I remember the geographical name without article should always be with the suffix when it is a Genitiv.


----------



## Kajjo

Kundus ist Nominativ (The case "Kundus"...) und gibt diesem Fall nur einen Namen, typischerweise eben mit Eigennamen wie von Personen oder Regionen. 

Verwechsle dies nicht mit der Konstruktion "Im Falle des...<Genitiv>", typischerweise gefolgt von Situationen wie "Im Falle des Todes..." oder sprichwörtlich "im Falle des Falles".


----------



## Dupon

Thanks!

And I suppose, if Kundus is used as a Genitiv, how to use it? Should I say "Die Leute Kunduses" or "Die Leute von Kundus"?



Kajjo said:


> Kundus ist Nominativ (The case "Kundus"...) und gibt diesem Fall nur einen Namen, typischerweise eben mit Eigennamen wie von Personen oder Regionen.
> 
> Verwechsle dies nicht mit der Konstruktion "Im Falle des...<Genitiv>", typischerweise gefolgt von Situationen wie "Im Falle des Todes..." oder sprichwörtlich "im Falle des Falles".


----------



## Demiurg

"Fall" is ambiguous: it could mean "(down)fall" or "issue"/"case"/"affair". Here's the latter.

der Fall Kundus' (_the fall of Kundus_ - genitive)
der Fall Kundus (_the Kundus affair_ - nominative)


----------



## Frank78

Dupon said:


> Thanks!
> 
> And I suppose, if Kundus is used as a Genitiv, how to use it? Should I say "Die Leute Kunduses" or "Die Leute von Kundus"?



"Die Landschaft *des* Kundu*s' *ist geprägt von..."

For "Leute" we need "aus" + dative: "Die Leute aus dem Kundus sind..."


----------



## berndf

Frank78 said:


> "Die Landschaft *des* Kundu*s' *ist geprägt von..."


Das hört sich sehr bizarr an. Sagst Du auch "Die Landschaft des Kassels", wenn du die Landkreis Kassel meinst?


----------



## Frank78

berndf said:


> Das hört sich sehr bizarr an. Sagst Du auch "Die Landschaft des Kassels", wenn du die Landkreis Kassel meinst?
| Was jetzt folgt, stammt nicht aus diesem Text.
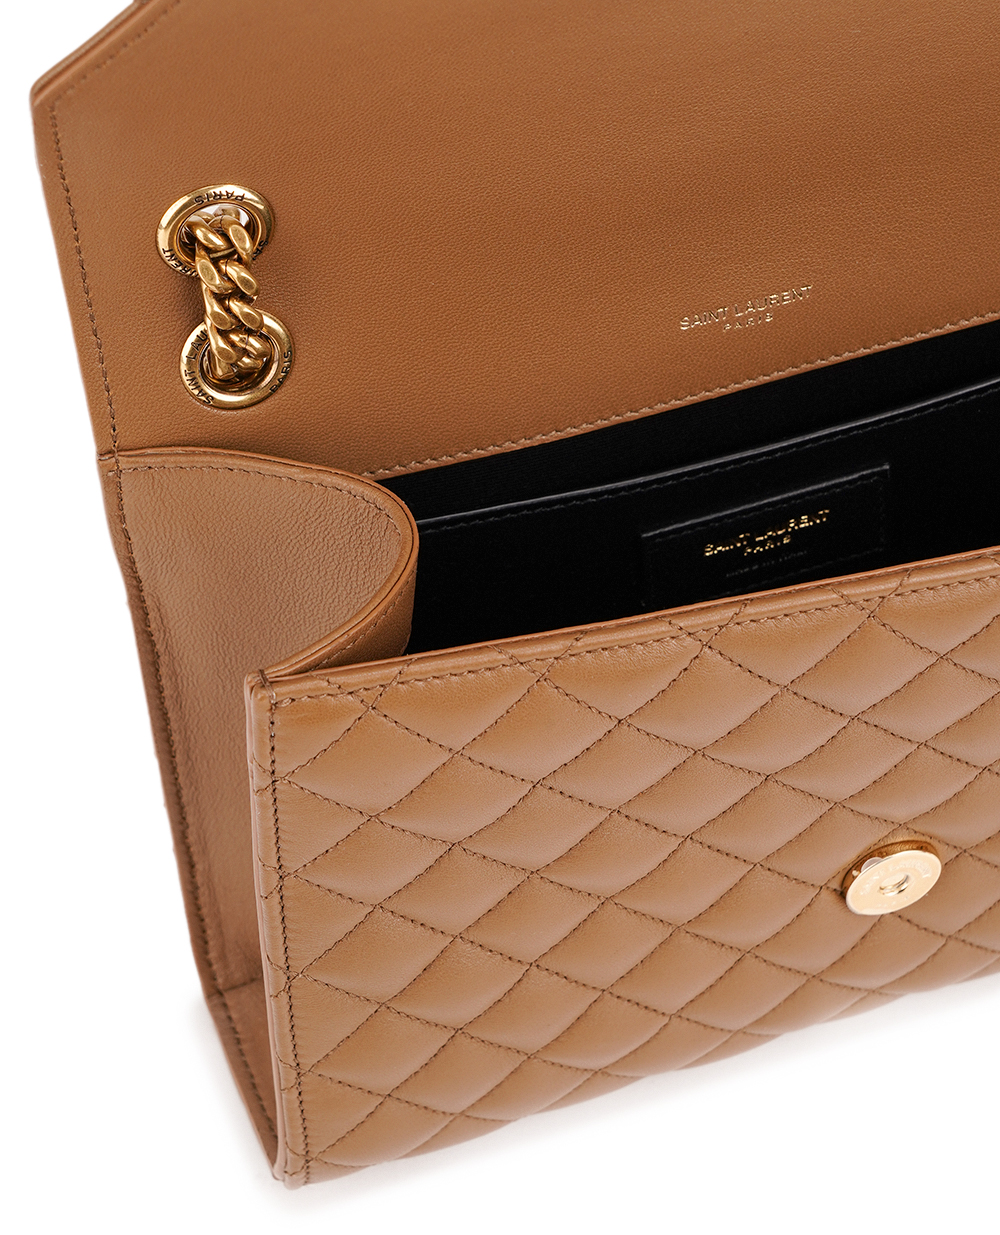 Кожаная сумка Envelope Medium Saint Laurent 600185-AACT7, коричневый цвет • Купить в интернет-магазине Kameron

Nunja, ich höre Kundus immer nur mit Artikel, analog zu "Die Landschaft/Die Bevölkerung des Vereinigten Königreichs". Falls er nicht obligatorisch ist, klingt es komisch, da geb ich dir recht.


----------



## berndf

Frank78 said:


> Nunja, ich höre Kundus immer nur mit Artikel, analog zu "Die Landschaft/Die Bevölkerung des Vereinigten Königreichs". Falls er nicht obligatorisch ist, klingt es komisch, da geb ich dir recht.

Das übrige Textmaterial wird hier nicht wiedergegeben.